一般講演(ポスター発表) P1-338 (Poster presentation)

絶滅危惧種ニホンイヌワシの遺伝的多様性の解析

*佐藤 悠(京大・野生動物),前田 琢(岩手県環境保健センター), Rob Ogden(Royal Zoological Society of Scotland),井上-村山美穂(京大・野生動物)

ニホンイヌワシ(Aquila chrysaetos japonica)は日本周辺にのみ生息しており、絶滅危惧IB類に指定されている。生態研究により多くの情報が得られているが、遺伝的多様性の評価や近親交配についてはこれまで十分な情報が無かった。域外保全も視野に入れた保全や繁殖を行う上で、遺伝情報は必須である。本研究では主要な生息地の一つである岩手県を中心に試料を収集し、マイクロサテライトによる遺伝的多様性の解析とmtDNAのControl Region(CR)とPseudo Control Region(ΨCR)のハプロタイプ多様度の解析を行った。また動物園の飼育集団についても同様に解析した。

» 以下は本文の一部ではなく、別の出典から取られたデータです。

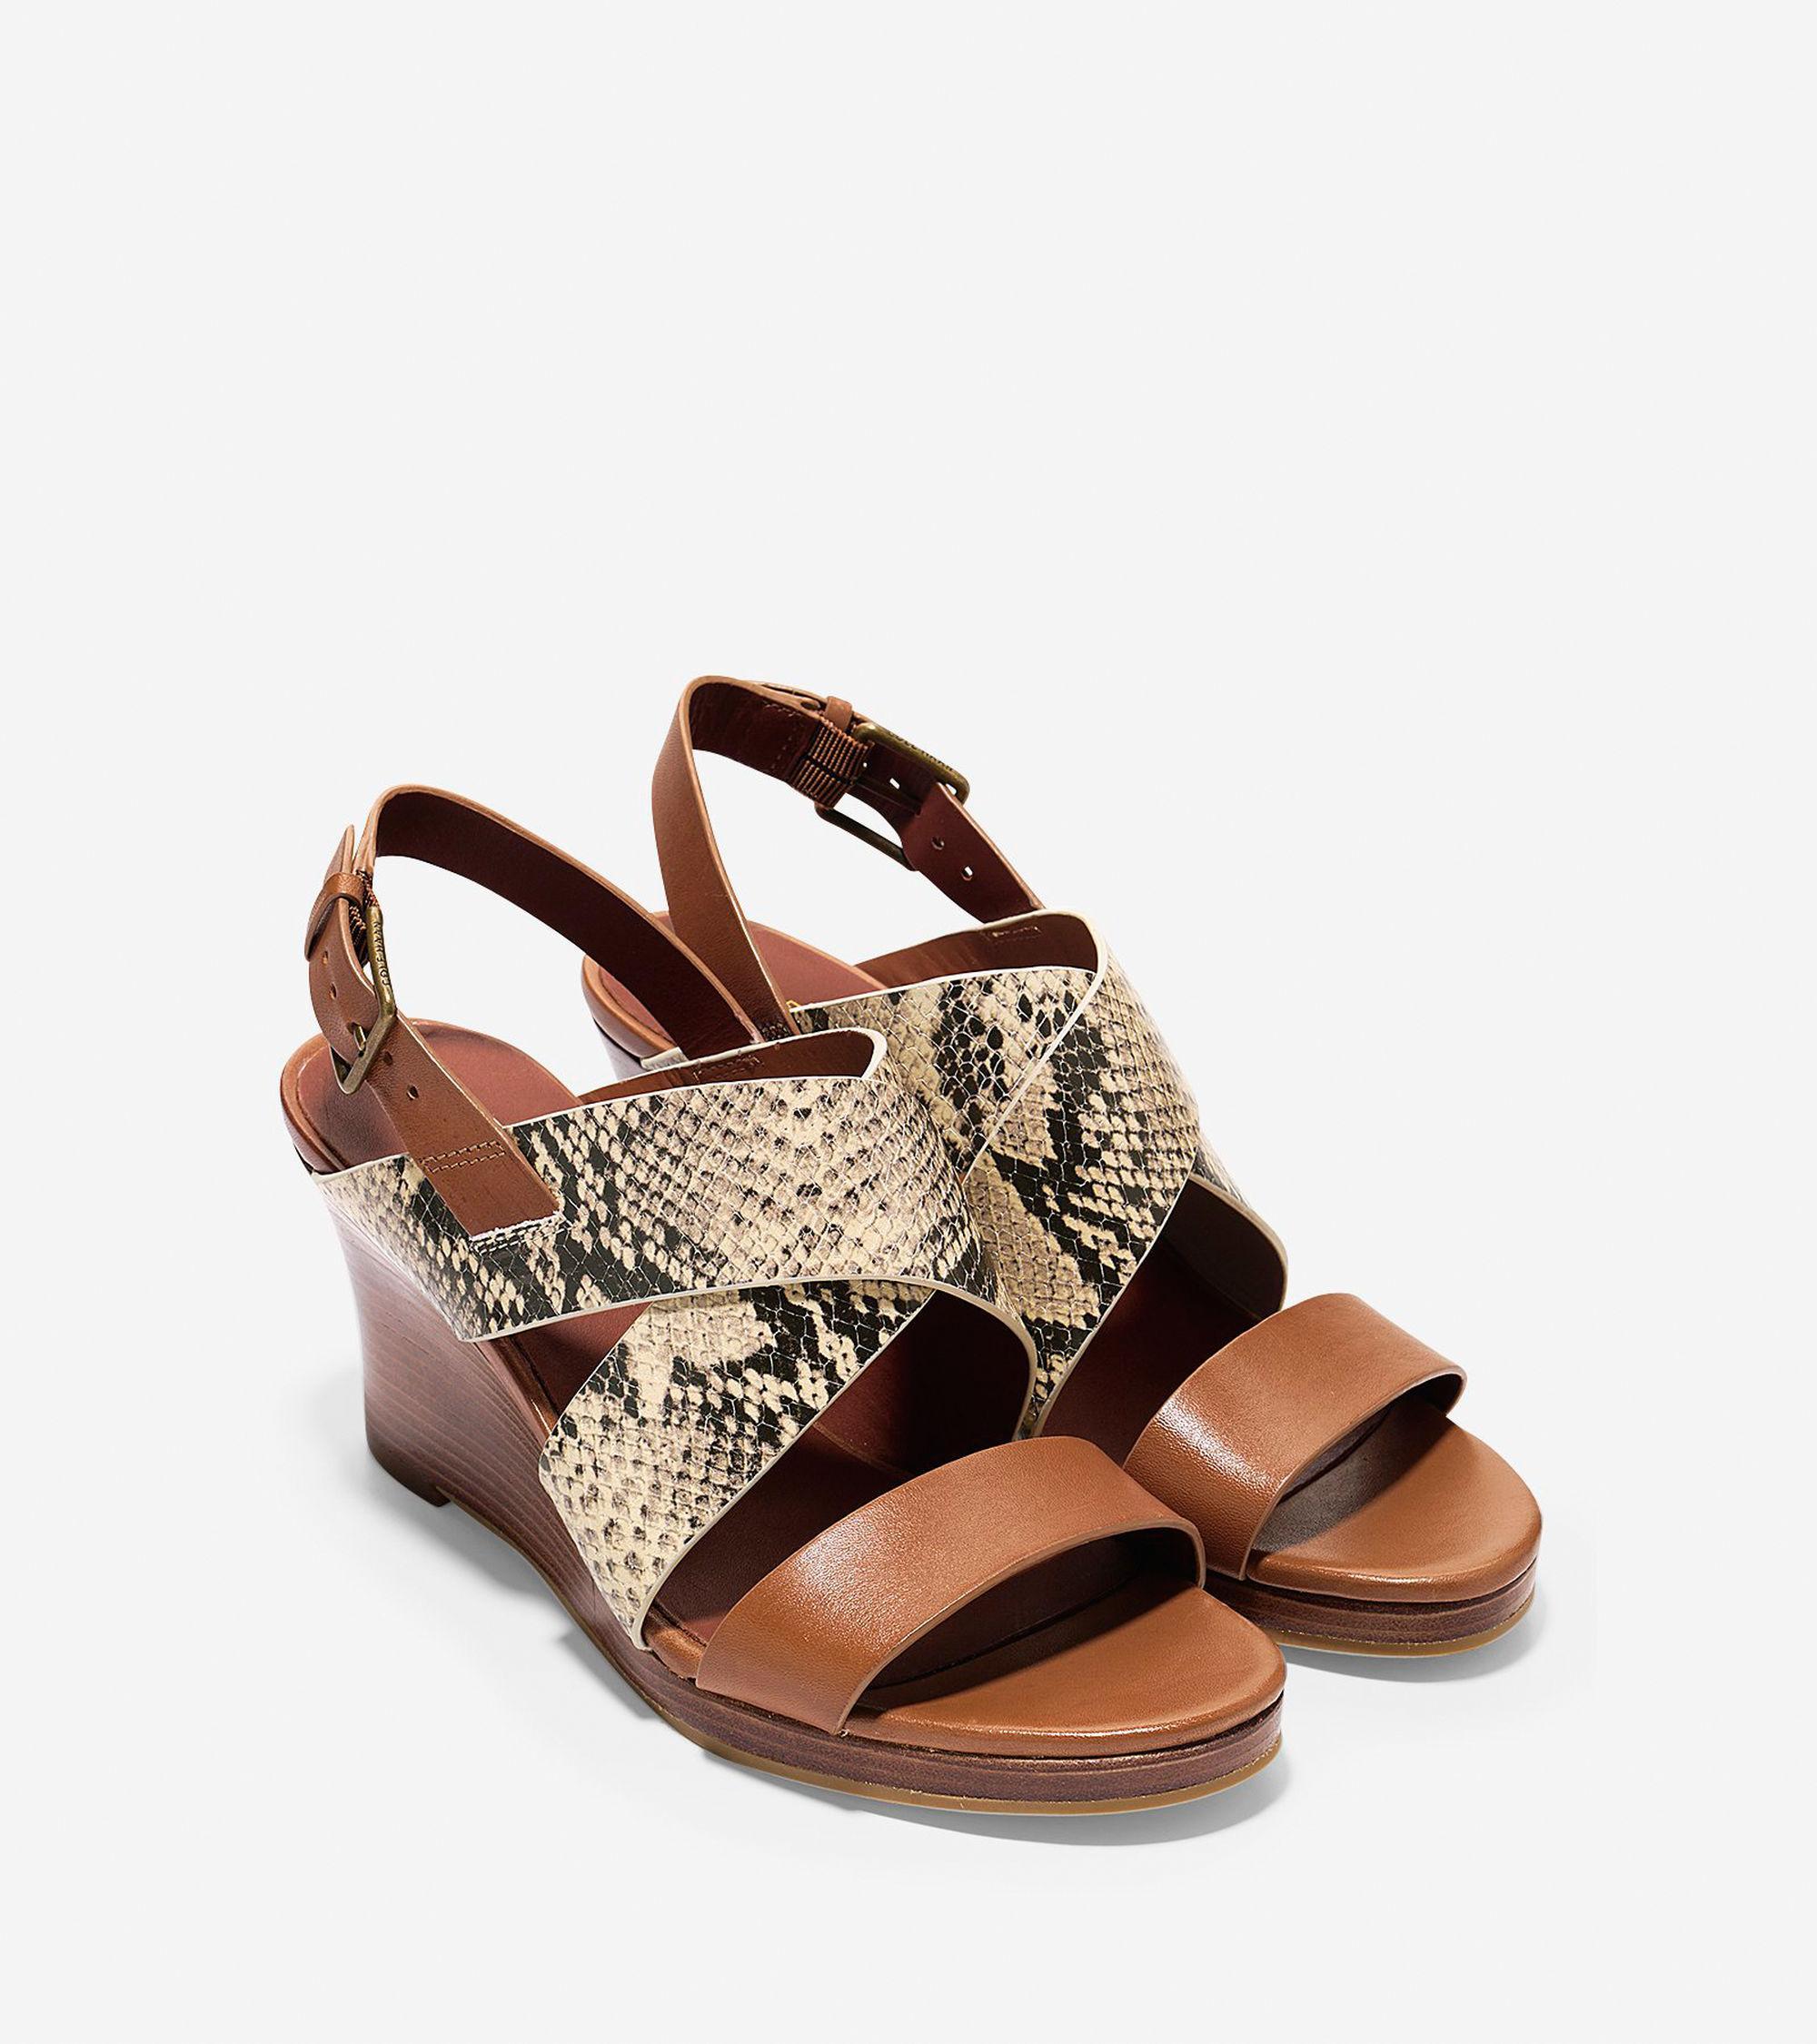 Cole Haan Women S Penelope Wedge Shoes

マイクロサテライト解析には野生65試料(岩手県62、青森県1、栃木県1)、飼育24試料(野生由来10、繁殖14)を用い、イヌワシで新規開発したマーカー16種および近縁種のマーカー11種の計27マーカーの型判定を行った。mtDNAハプロタイプ解析には、野生31試料(岩手県29、青森県1、栃木県1)と飼育15試料(野生由来7、繁殖8)を用い、CR(444 bp)およびΨCR(472 bp)の塩基配列を解読した。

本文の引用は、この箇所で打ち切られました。